Though not in Fresno. At least not for us.

Singing girl

Surprisingly, the band is getting along rather well. In the van on the way down here (eight people and all of our equipment) we played guitar and sang Beatles songs. That was the most fun I recall having in the tour van. Maybe our getting along is attributable to the fact that certain members of the band have decided to simply stop speaking to other certain members of the band. We’ve had a lot of fights, all of us.

I once wrote an e-mail to the lead singer that contained a paragraph composed entirely of a single word: asshole.

I was referring to him.

We hardly speak, he and I. He did come to the barbecue I had for the band the other night. He was cordial. There’s an unspoken pact of non-speaking. It just makes it easier. If only I could remember why it was we don’t speak.

I recently had the strange experience of reading a book by the former drummer of a band I used to be in called Calamine. (You may remember us from Cartoon Network’s Sealab 2021 theme song?) During the time in which the book takes place, the band was called Stephonic. The book, titled Baby Plays Around, describes the author becoming the drummer in Stephonic while her marriage simultaneously falls apart. It was eerie—as if I was reading a diary of two years of my own life, written from someone else’s point of view.

There was a particular night described in the book where I made a snide comment to her about an upcoming show for which we were one of the supporting bands. I told her she should know who Richard Lloyd is because she is a music journalist, isn’t she? Apparently it made her so mad she called the singer that night at 4 a.m. and threatened to quit the band.
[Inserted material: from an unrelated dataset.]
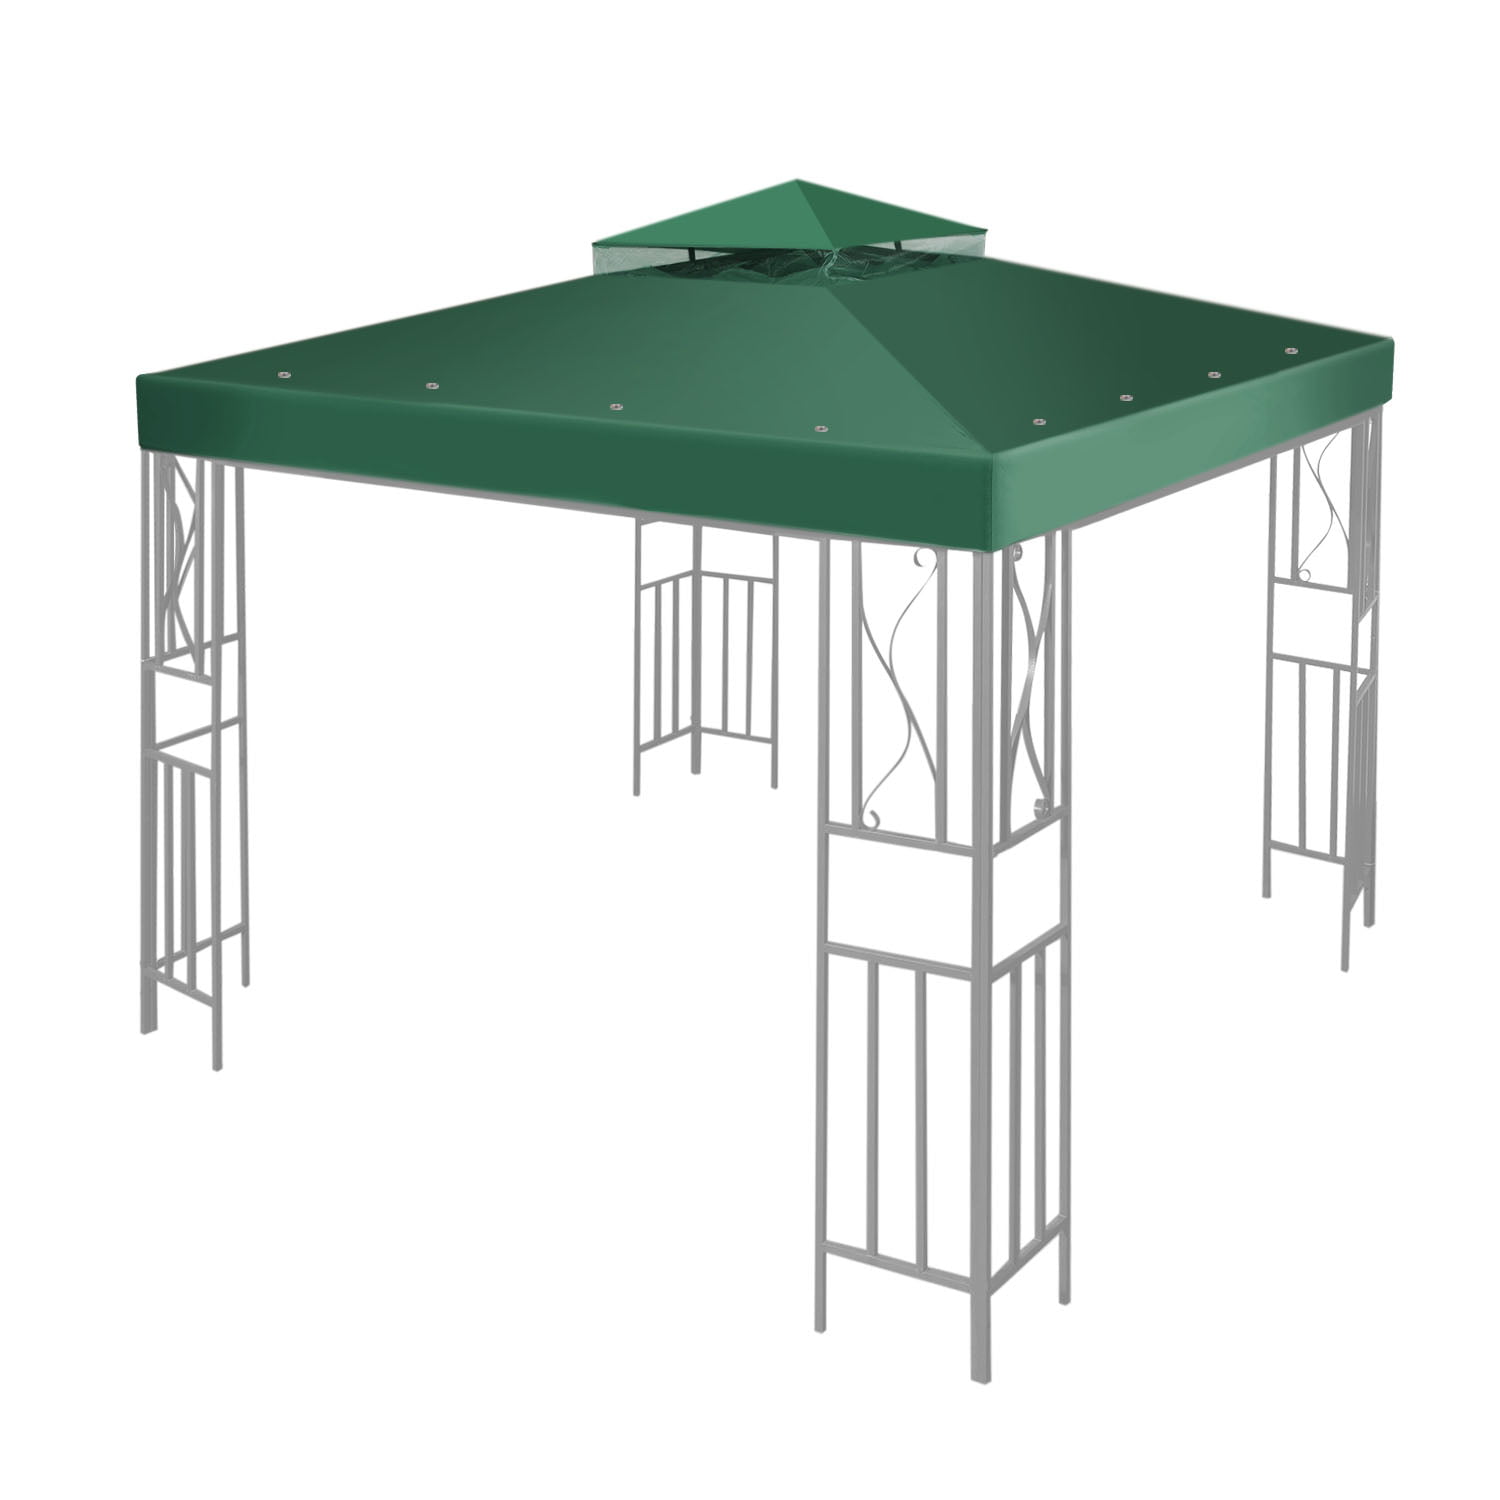 10'x10' Waterproof Gazebo Top Replacement Canopy Sunshade Patio Garden Cover US

What’s funny is that I, too, hadn’t known who Richard Lloyd was—I knew the name but had to look up which band he was in.

Nonetheless, the incident made me realize how much things we say or do can upset people without us having any idea. In this band, I think we do this a lot. I am often surprised to find out months later that one or another member has been pissed at me for something I did three months ago.

Tomorrow we drive to Oakland for what promises to be another delightful evening.

Other highlights from today: lunch at Denny’s. Why is “Moons Over My Hammy” always funny?

In the van I thought of a good name for a lesbian band: The Outskirts. Lesbians out there—just give me a percentage.

Les Sans Culottes

Finished the night with a breakfast burrito from Robertitos taco shop, open 24 hours. The other clientele looked as if this was their first stop after just having been sprung from prison.

Oh, and of course leaving the club, a girl said to one of the guys in the other band, “I’d love to go home with all of you tonight, but I just can’t.”

“How about with some of us?” I asked.

She declined, and I don’t think she even got the joke.